1. What do I, an independent student, have to do to become an Illinois resident for tuition purposes?
The University of Illinois requires that you be a bona fide resident of Illinois for one calendar year prior to the term for which you are applying for resident status. The University's requirements to establish residency may be different than other Illinois institutions of higher education or government agencies. Bona fide residency involves being gainfully employed and actually living in the state for one year, and taking other specific actions which link you to the state of Illinois. It also requires that you reside in Illinois primarily for reasons that are not related to receiving an education. It's important that actions be completed before the beginning of the term in which you are attempting to establish residency.
1. What do I, a dependent student, have to do to become an Illinois resident for tuition purposes?
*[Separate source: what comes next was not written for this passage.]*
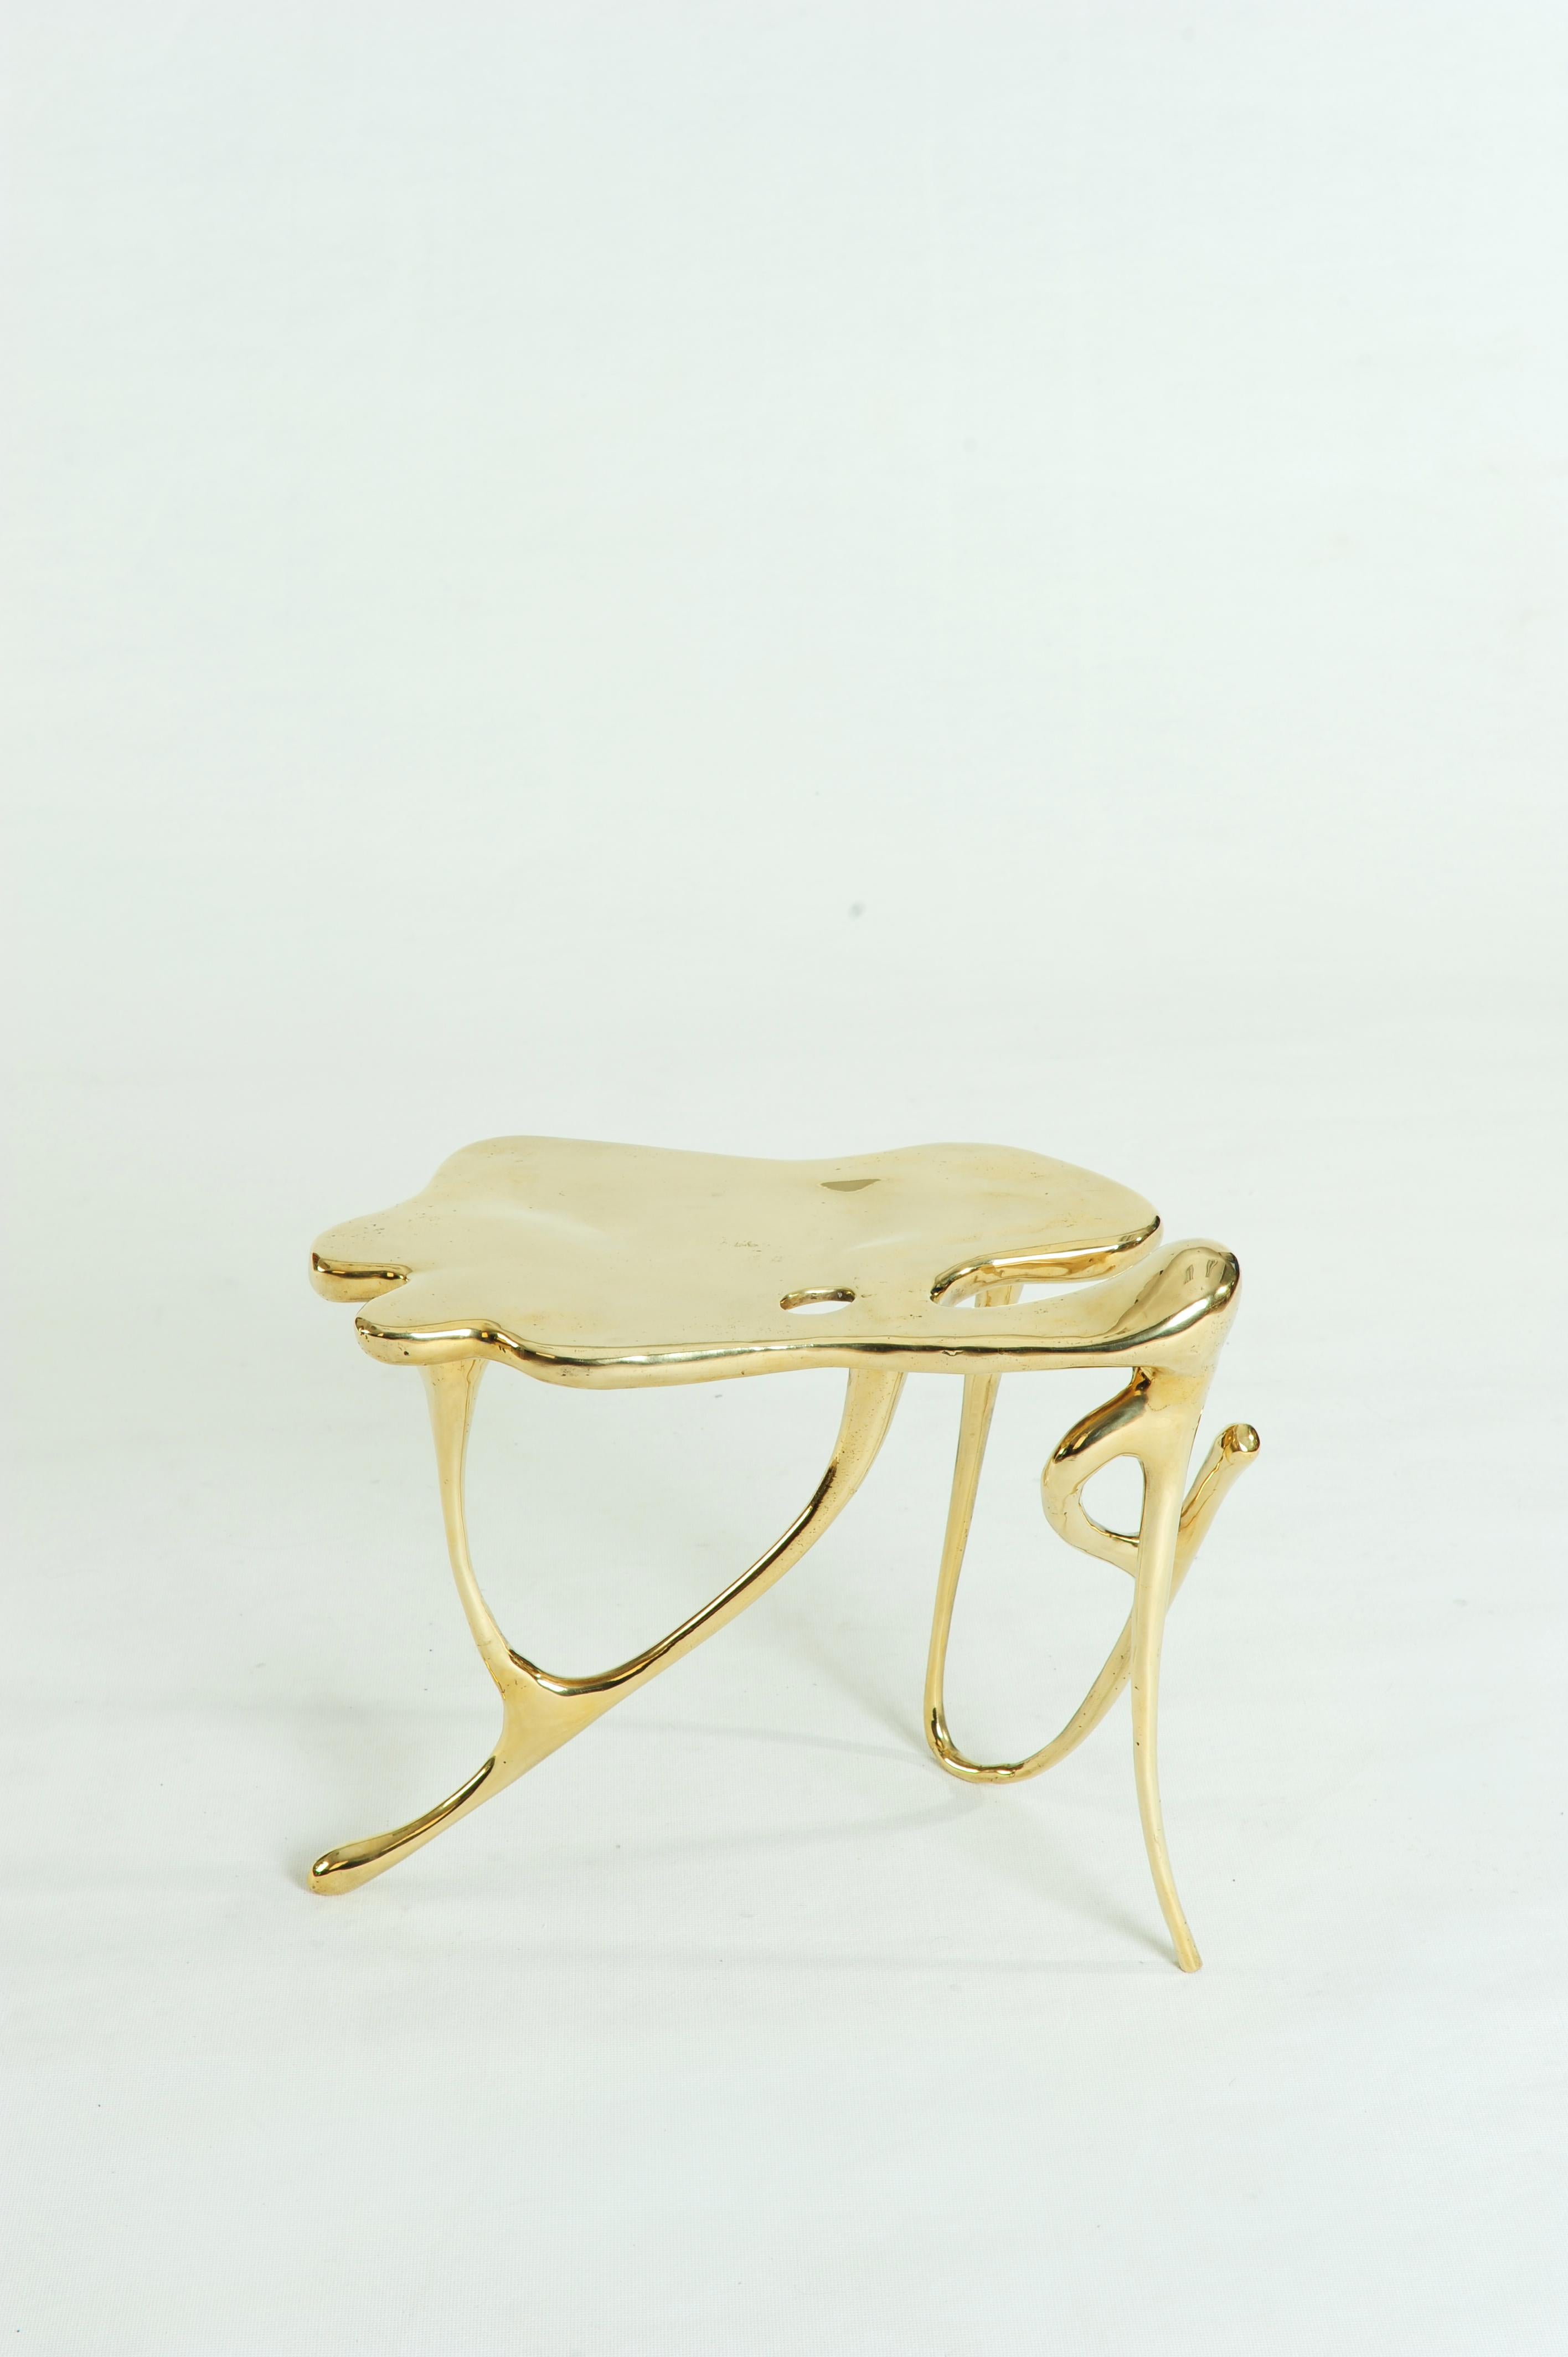 Calligraphic Sculpted Brass Side Table by Misaya 4

It is assumed that a dependent student's residency follows his/her parent's. If a family moves to Illinois because of an employment opportunity for the family breadwinner, the dependent student is eligible for resident tuition at the start of the next academic term.
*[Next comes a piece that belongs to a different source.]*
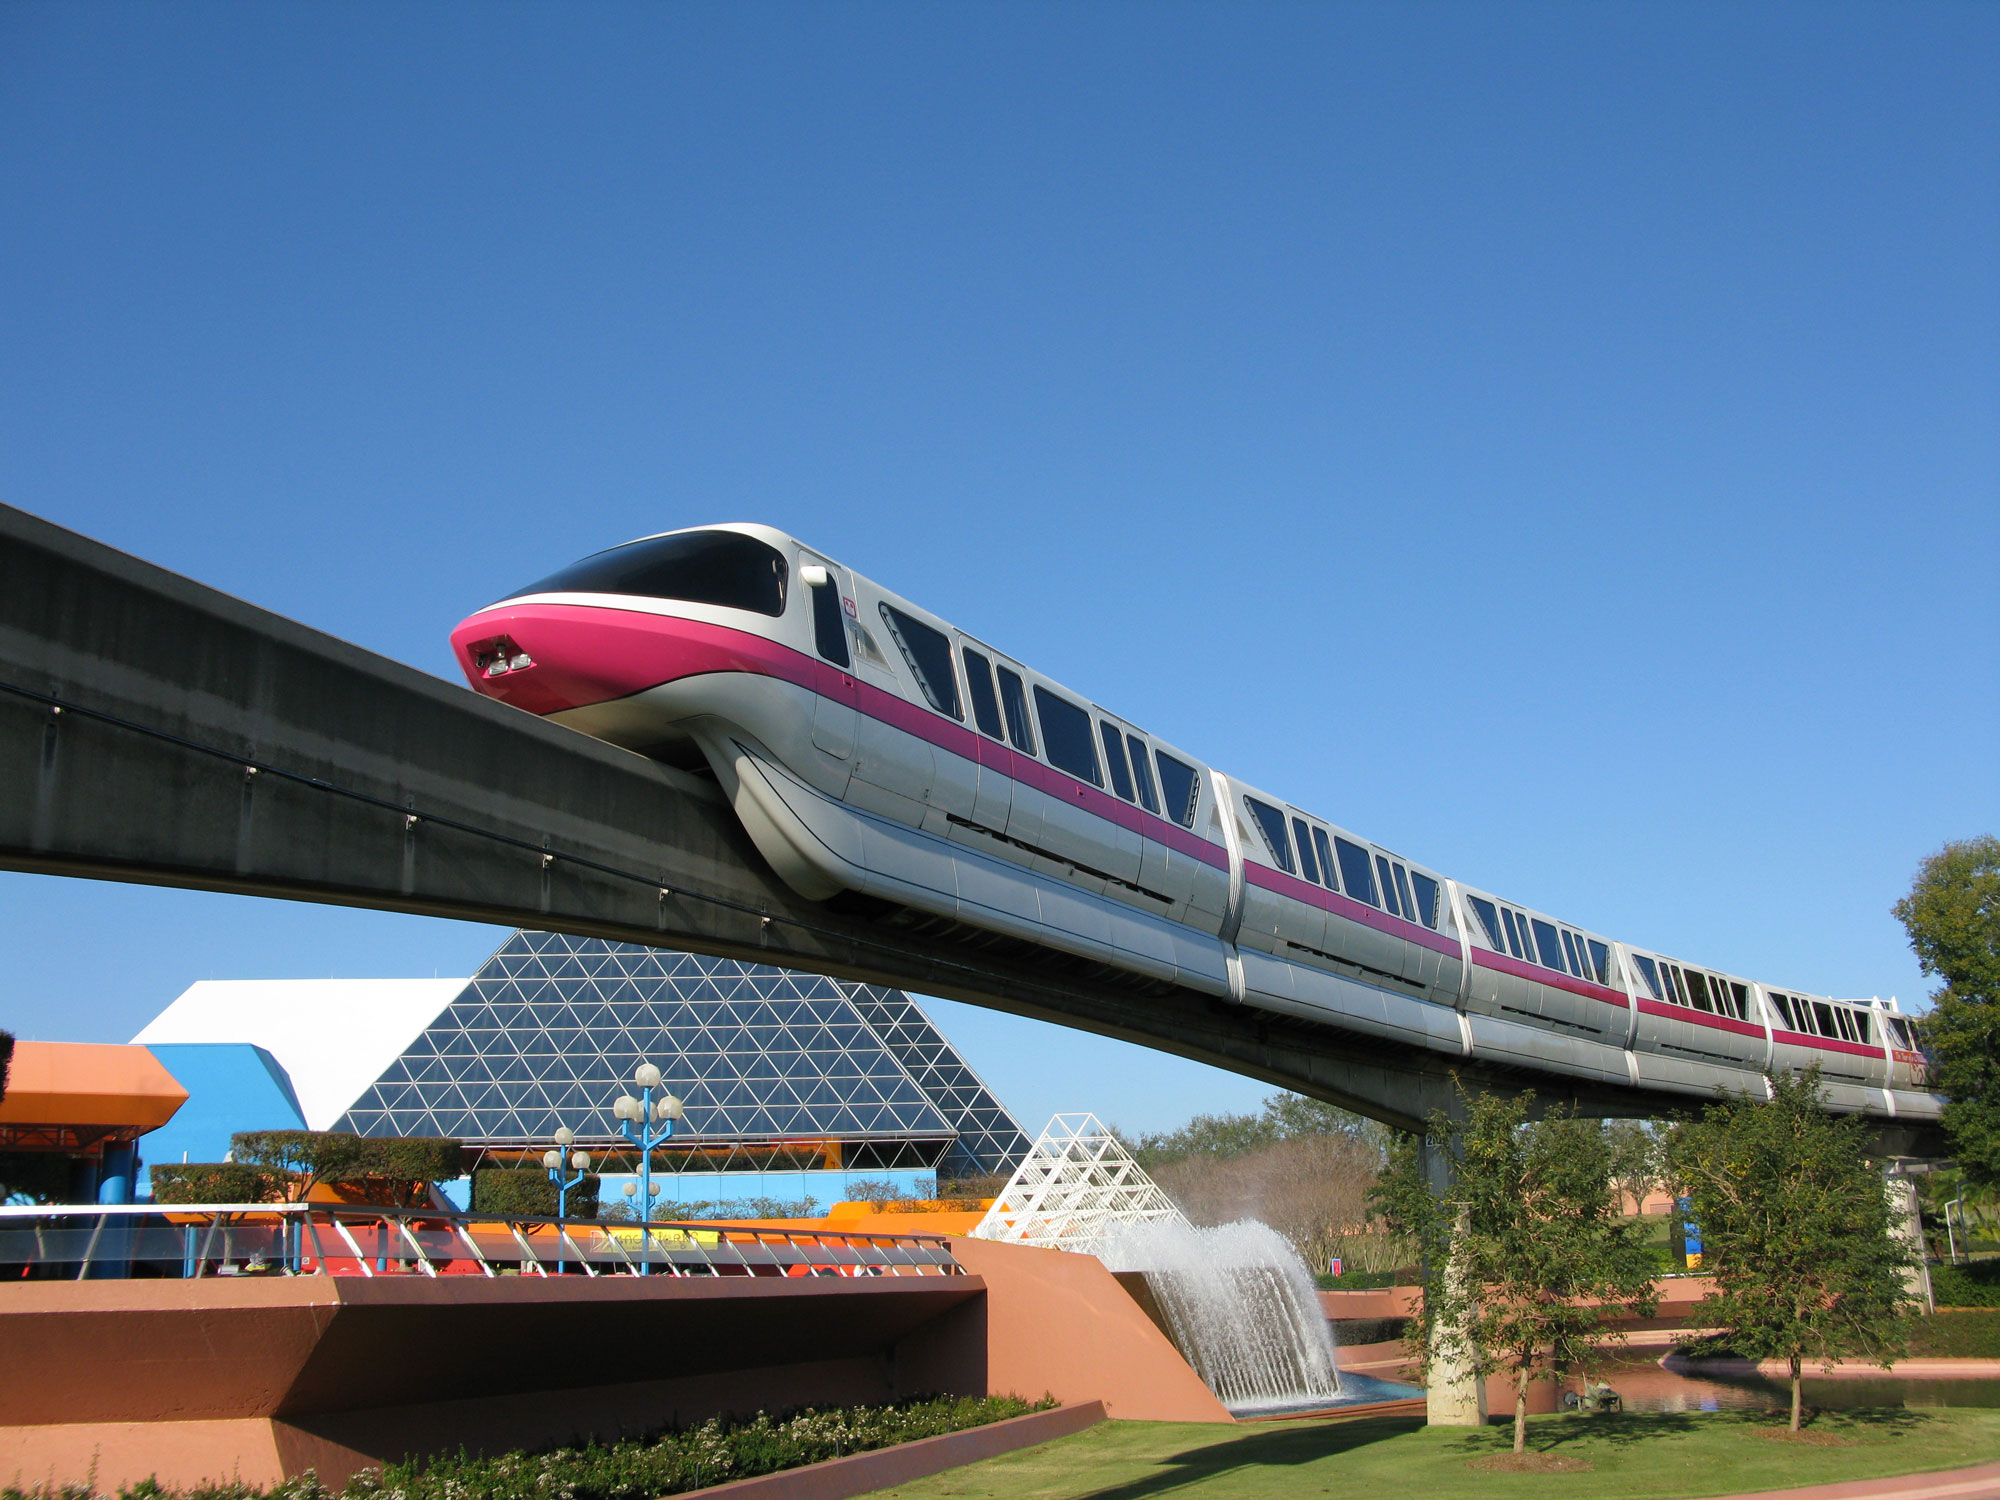 Epcot - Imagination Pavilion with Pink Monorail

2. How important is registering to vote and getting a driver's license/or an Illinois identification card?
These actions signify intent to reside in Illinois for other than educational purposes. If eligible, you would be expected to hold the voter's registration and the driver's license or identification card for at least one calendar year prior to the term for which you are seeking resident status.
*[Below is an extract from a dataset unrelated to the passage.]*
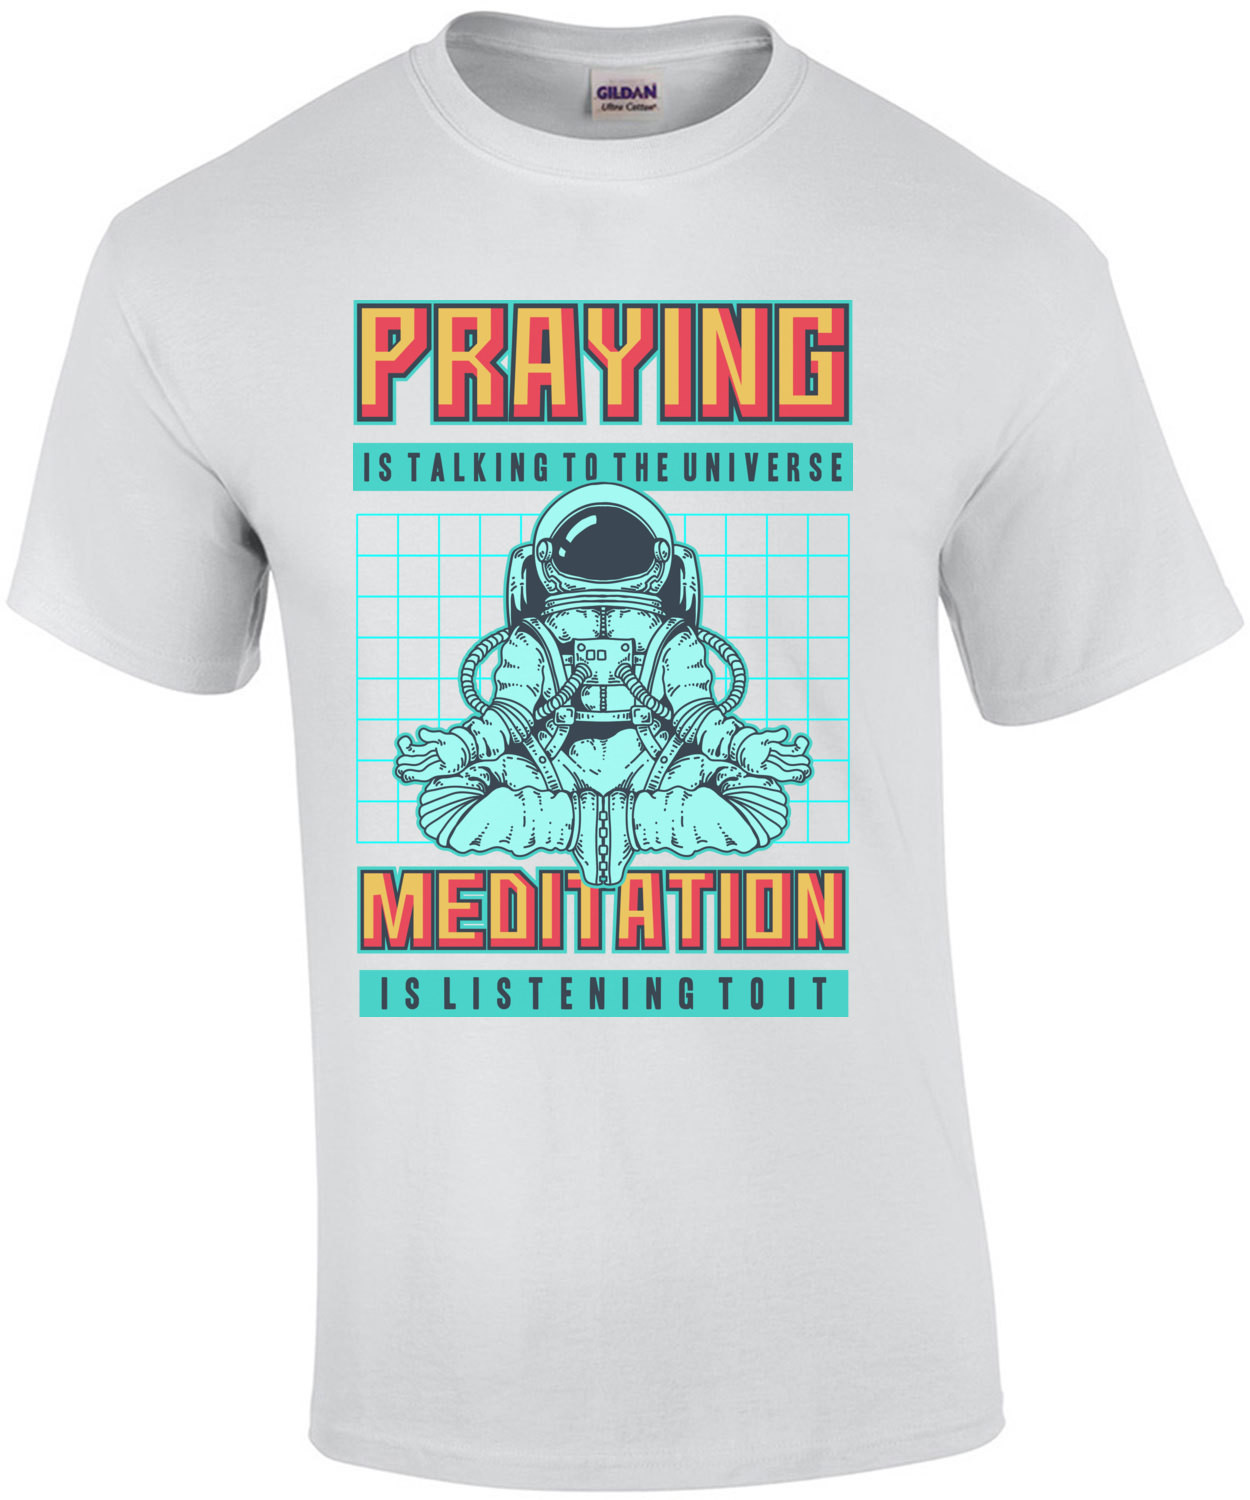 Praying Is Talking To The Universe Meditation Is Listening To It T-Shirt

3. What is meant by gainful employment?
Gainful employment means that you earn income and file and pay taxes in Illinois on income sufficient to meet one-half of tuition, fees and normal living expenses for a one-year period. Loans from parents or support from a relative in Illinois does not constitute self-sufficiency or gainful employment, for example. Employment during the summer terms alone does not fulfill either gainful employment or the one-year requirement.

That whole bit about "residing in Illinois primarily for reasons that are not related to receiving an education" knocks out being able to receive residency for tuition purposes. And working for one year to meet the required "one-half of tuition, fees, normal living expenses" means you'd have to be pulling a pretty decent salary!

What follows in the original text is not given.